While nothing necessarily lives up to Michael Rooker’s “whistling arrow” bits from Guardians of the Galaxy Vol. 2, the finale of the franchise does make a noticeable effort to enhance it’s set pieces and combat by injecting them with a little extra frill. Gunn appears to take some cues from anime in one or two especially thrilling sequences, and never wastes an opportunity to show his leads looking stellar in slow-motion. The non-leading characters, too, are much more entertaining than the grunts from previous Guardians works. Gone are the generic alien armies, replaced by grotesquely creative animal-cyborg hybrids that are as threatening as they are curious to stare at.
Of course, these monstrosities wouldn’t be possible without the presence of Vol. 3’s main baddie. The High Evolutionary, played by Chukwudi Iwuji, has been teased within the series for a long while, and his ultimate arrival does not disappoint. Much of the genius behind his portrayal comes from Iwuji’s willingness to play him as almost mewling, an arrogant leader constantly on the brink of self-collapse. It adds an extra layer of unpredictability to the character that sets him apart from the Guardians’ former adversaries and makes him an understandably vicious figure from the past of Bradley Cooper’s Rocket Raccoon.
It’s no secret that Rocket, the lovably foul-mouthed mammalian of the titular group, would be a focal point in this movie. A longtime favorite of Gunn and, at this point, Marvel’s truest believers, Rocket has been front-and-center for all of the project’s marketing and much of the director’s promotional interviews. From the original Guardians straight through his last appearance in Thor: Love and Thunder, the little guy has stealthily had one of the MCU’s most fulfilling and fluent individual arcs. Dealing with trauma and grief stored from untold horrors, the character’s journey from pained loner to begrudging family man has been a joy to watch.
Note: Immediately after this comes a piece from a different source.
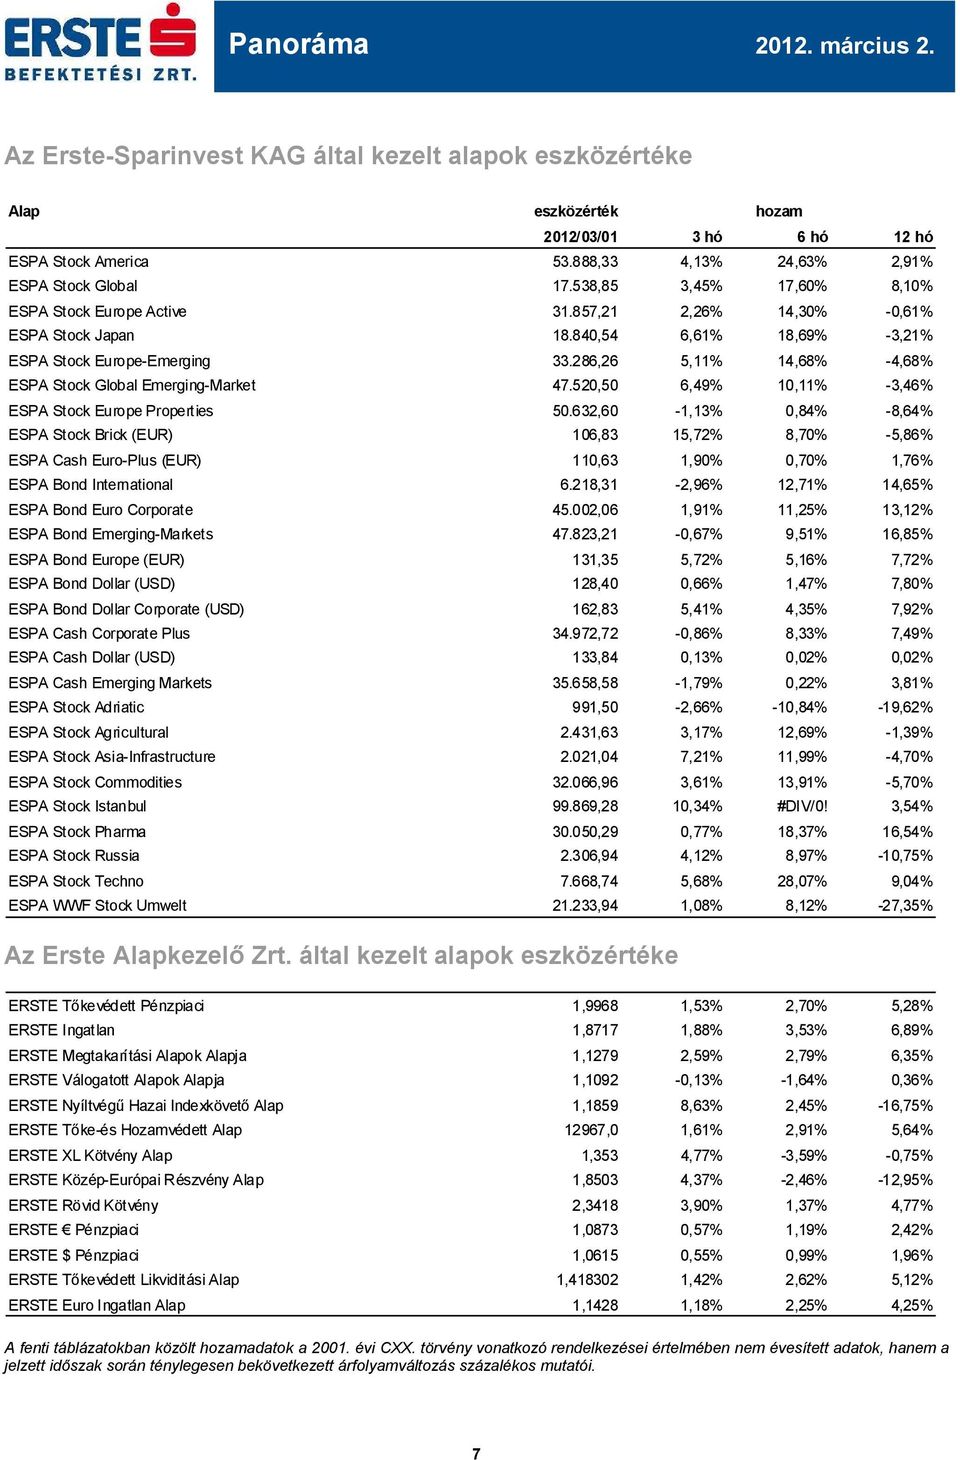 286,26 5,11% 14,68% -4,68% ESPA Stock Global Emerging-Market 47.520,50 6,49% 10,11% -3,46% ESPA Stock Europe Properties 50.

Vol. 3 aims to capitalize on this by using Rocket as both its catalyst and its axis, the entire thematic purpose of the Guardians franchise spinning firmly around him.
Thankfully, Rocket’s origins are handled well. After the wide release of Vol. 3, one might even expect him to become an MCU favorite. The execution of his flashback scenes, though, is not to be trifled with. It’s worth a fair warning that certain segments of Vol. 3, specifically the ones pertaining to Rocket, can be brutal. These scenes are important, and luckily, they aren’t gratuitous. They serve an integral part in the film’s storytelling, but they’ll likely also produce more audience tears and eye squints than any superhero flick in a while. With a lot of his Vol. 3 visuals, Gunn seemed free to tap into his Troma days, and the film’s flashback sequences are a big part of that.
Yet, the inherent darkness of Rocket’s story is absolutely necessary to what makes Vol. 3, and the overall trilogy, tick with such efficiency. The movie is a perfect representation of the human condition, told via the body of a raccoon. It’s as hopeful as it is morose, and foolhardy as it is calculated. It’s both grand and personal, with sprinkles of laughter – the humor often lands – and devastation throughout. It’s gorgeous, genuine, and occasionally, difficult to watch. It’s a look into why people love each other, and by the end, there’s a good chance the audience won’t want it to end. Guardians of the Galaxy Vol. 3 is what blockbusters should feel like.